Assuming you need speed without the overhead of the *Set
classes, then you could write H
as follows:
/**
* Hashes a set of integers.
*
* @param list to hash
* @return hash code
*/
public static int H(int list[]) {
// XOR all the integers together.
int hashcode = 0;
for (int val : list) {
hashcode ^= val;
}
return hashcode;
}
It is the same regardless of the order, and it is relatively efficient.
For example:
public static void main(String[] args) {
System.out.println(Integer.toHexString(H(new int[]{0xabcd,0x1234,0x1111})));
System.out.println(Integer.toHexString(H(new int[]{0x1234,0x1111,0xabcd})));
}
Displays:
a8e8
a8e8
This could be generalized to more than just int
s by doing the following:
/**
* Hashes a set of objects.
*
* @param list to hash
* @return hash code
*/
public static int H(Object list[]) {
// XOR all the hashes together.
int hashcode = 0;
for (Object val : list) {
hashcode ^= val.hashCode();
}
return hashcode;
}
The main
program would then have to use arrays of Integer
instead of the primitive int
.
Adding the numbers should be almost as quick, and might give you a better distribution over the 32 bit range. If the elements of the set are already uniformly distributed over the range, then xor might be better.

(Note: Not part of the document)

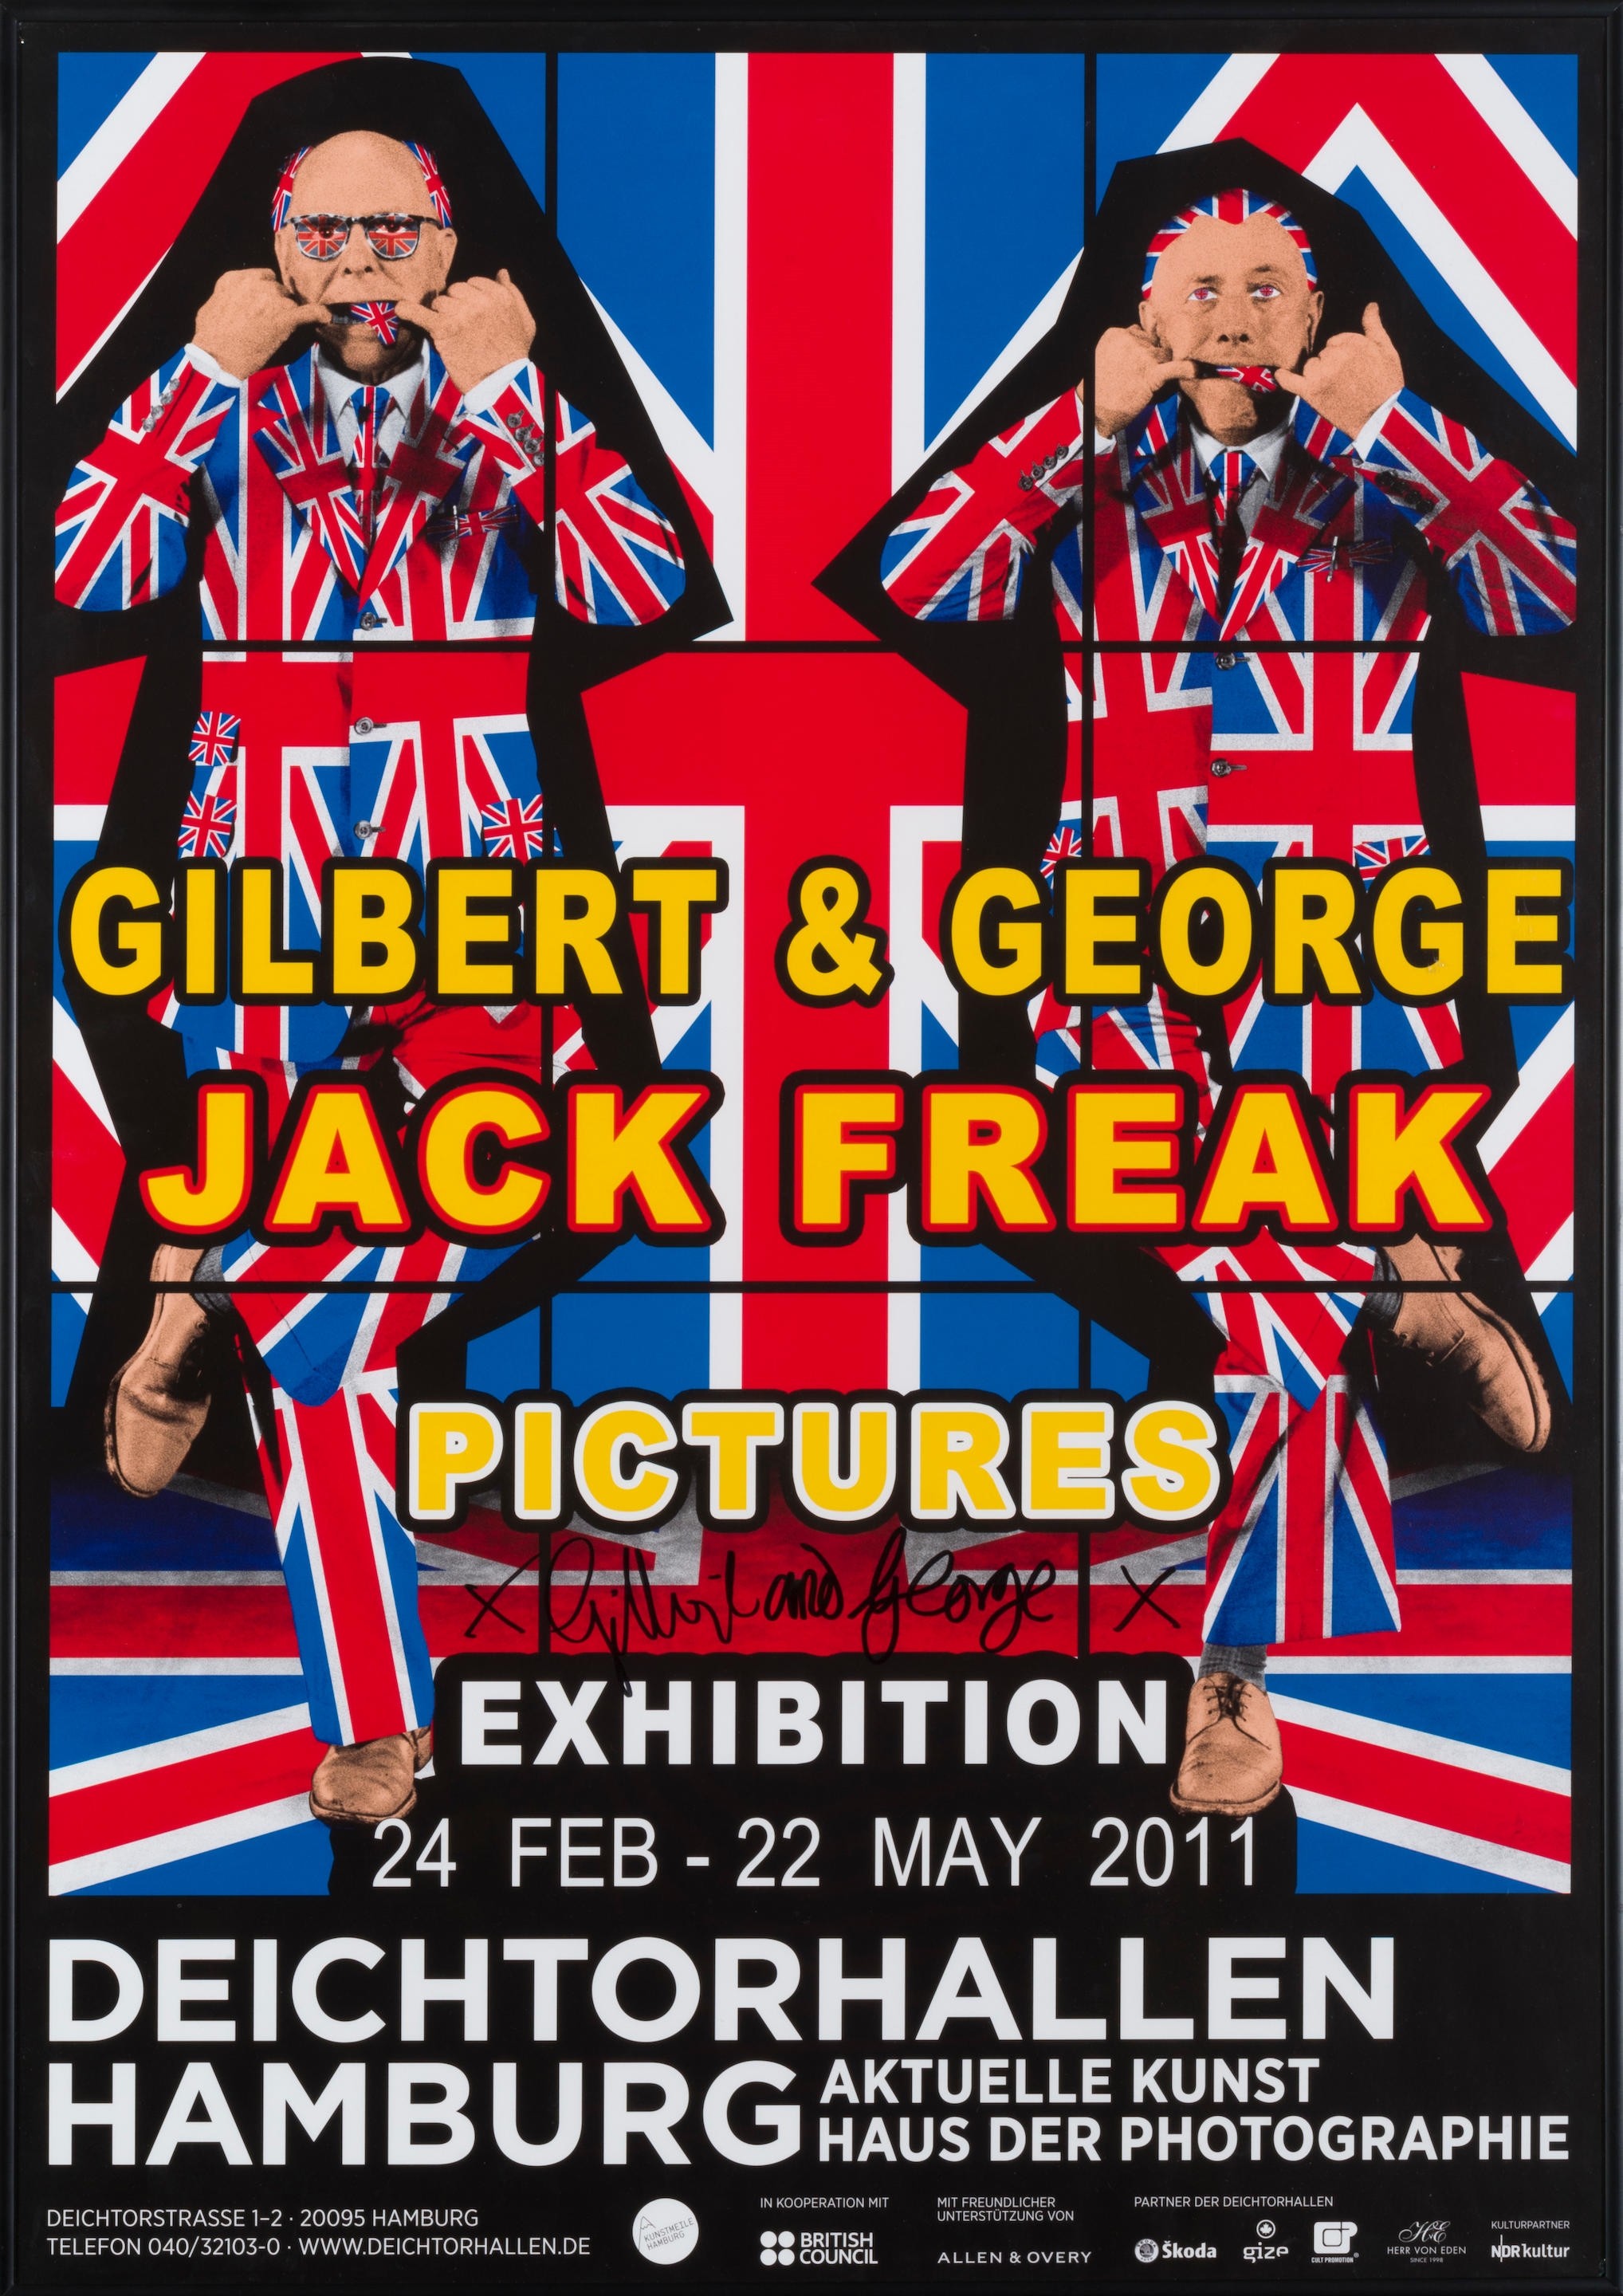 Artwork by Gilbert & George, Jack freak Pictures,	2011, Made of poster

However, with both methods, you can manufacture collisions easily with integers. For example, with the adding method;
{1000, 1001, 1002}
{0, 1, 3002}
Both of these arrays have the same H()
.
With the XOR method;
{0x1010, 0x0101}
{0x1111, 0x0000}
Both of these have the same H()
.
Similarly, the 0
element is problematic since lists will have the same hash with or without it. You can mitigate this by adding a constant value at each iteration. For example:
...
hashcode += val.hashCode() + CONSTANT;
...
Or by including the number of elements as the initial hash code:
...
// XOR all the hashes together.
int hashcode = list.length;
...